Producing Managers' Association
- Predecessor: United Managers Protective Association
- Formation: April 23, 1919; 106 years ago
- Dissolved: June 1, 1924
- Headquarters: New York City, New York, U.S.
- Location: United States;
- Membership: 29 (1924)
- President: Sam H. Harris
- Vice-President: George Broadhurst
- Secessions: Managers Protective Association (1924)

= Producing Managers' Association =

Defunct American stage producers and theatre owners coalition

The Producing Managers' Association (PMA) was a coalition of theatrical managers established on April 23, 1919. Formed in an effort to reduce conflicts between producers and theater managers and share common interests, it became the main vehicle for negotiation with the Actors' Equity Association (Equity) and Actors' Fidelity League (Fidelity) during the 1919 actors' strike.
==Formation==

By 1919 the former Theatrical Syndicate had dissolved and its coalition, the United Managers Protective Association (UMPA) had been reduced to just the Klaw and Erlanger theatres. The UMPA had signed an agreement with Equity which would come up for renewal in 1919. The remaining independent theater producers were in disarray, competing among each other and poaching stars while facing common problems of censorship, taxation, ticket speculation, and the impending negotiations with Equity.

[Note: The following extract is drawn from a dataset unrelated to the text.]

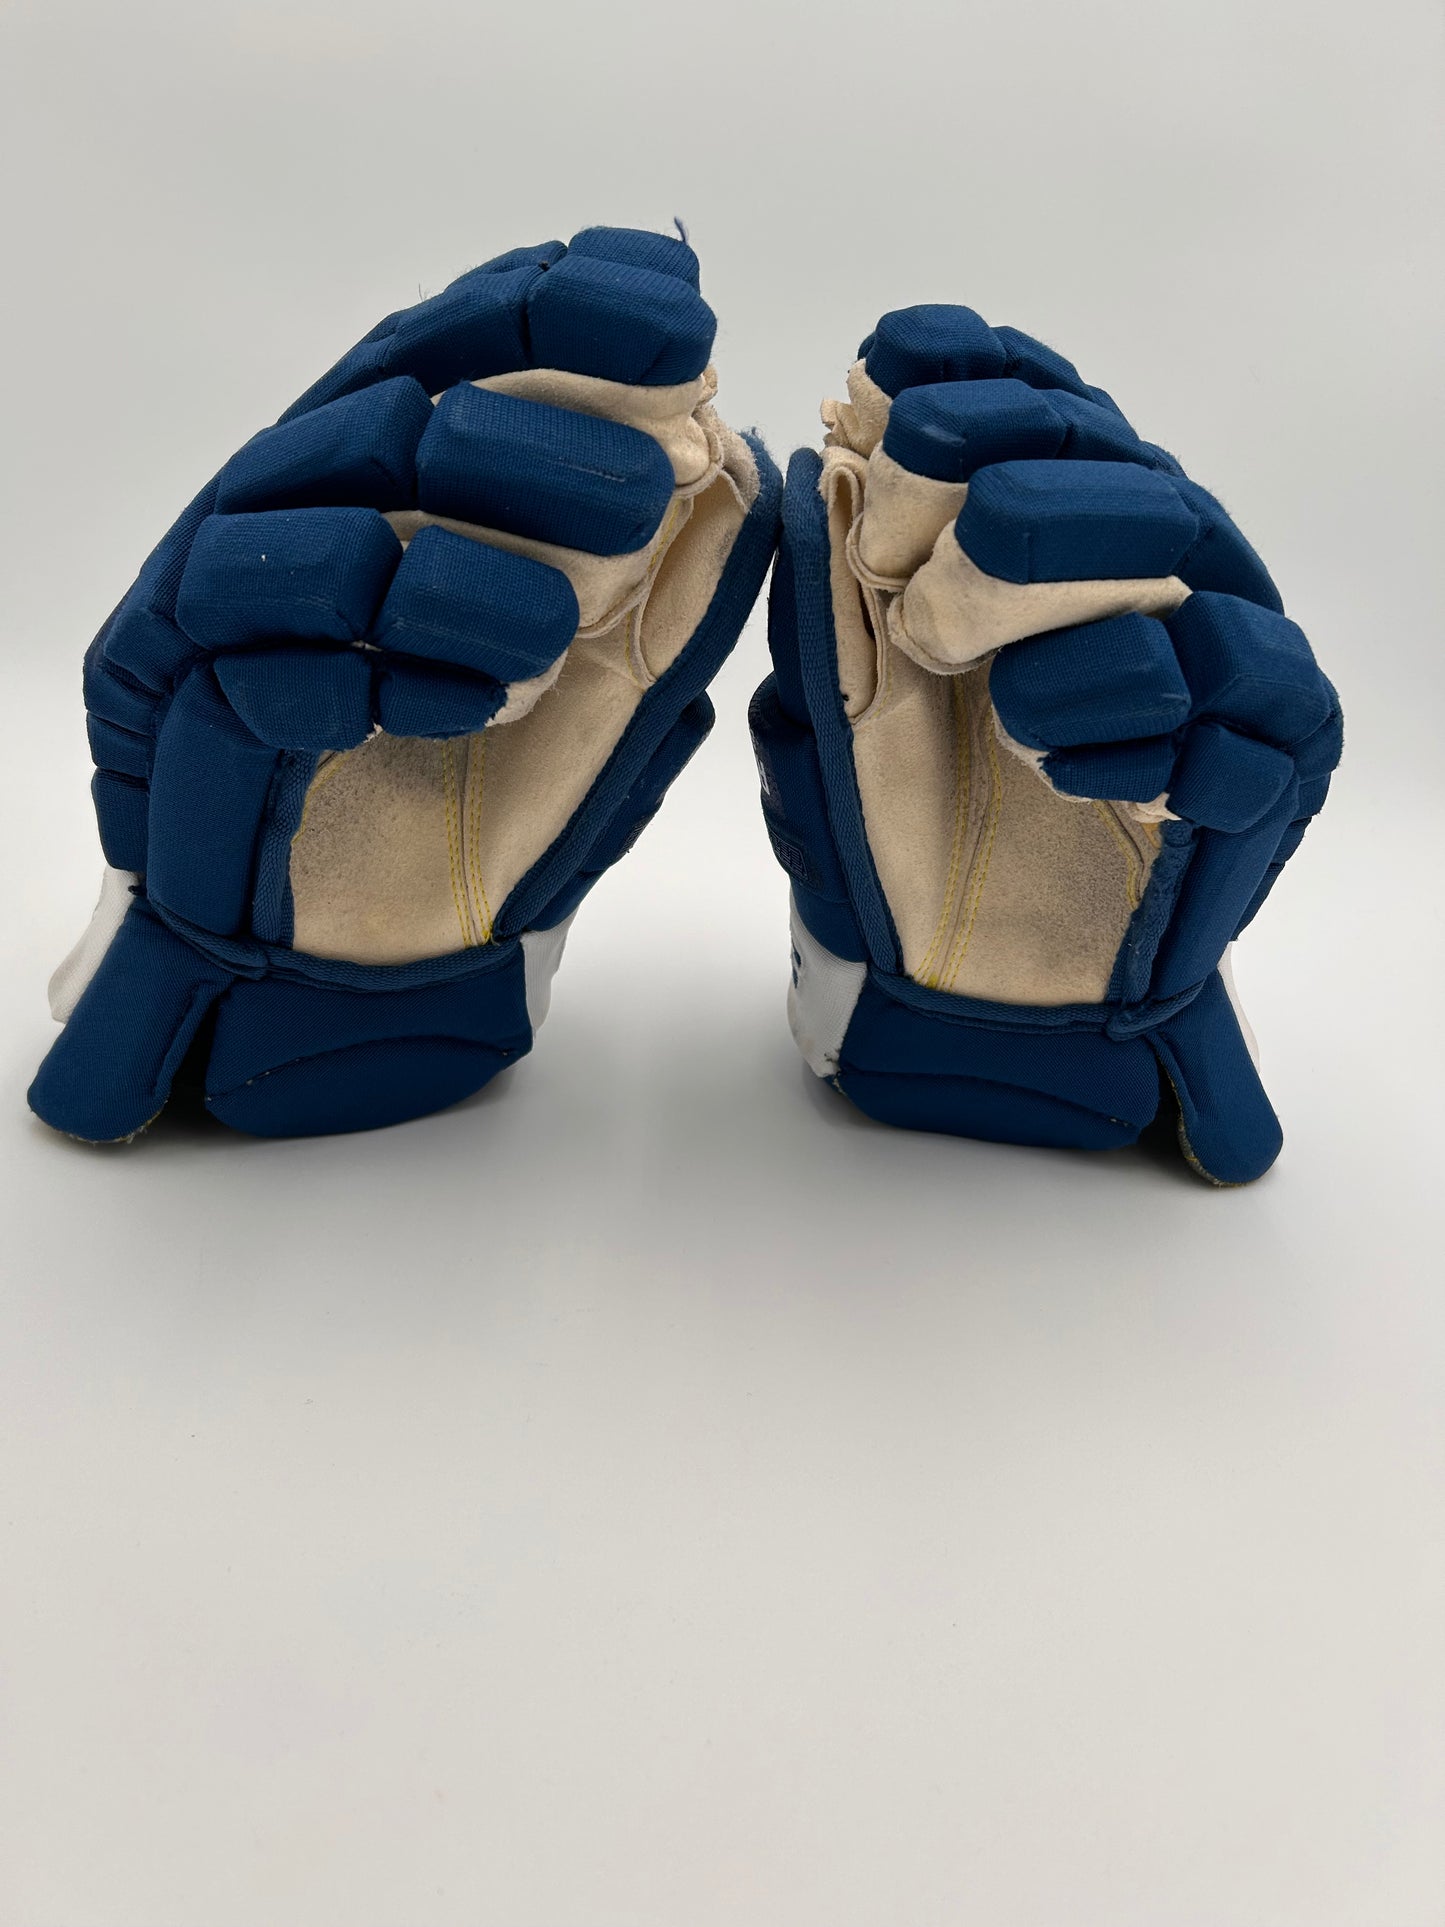 Artturi Lehkonen Colorado Avalanche Game Worn Gloves

John Golden first floated the idea of a producer's organization to a group who were vacationing in Palm Beach, Florida.
He wanted to set up a forum so the producers could share ideas, and wanted stop the rival organizations poaching each other's stars.
Golden organized a lunch at the Claridge Hotel in Atlantic City, New Jersey, attended by about forty managers.
Attendees included Golden's fellow producers Fred Zimmerman, Archibald Selwyn, Florenz Ziegfeld Jr., Winchell Smith and L. Lawrence Weber.
The PMA was launched by unanimous agreement.

==Activities==

Given the temperaments of the producers, meetings were often stormy.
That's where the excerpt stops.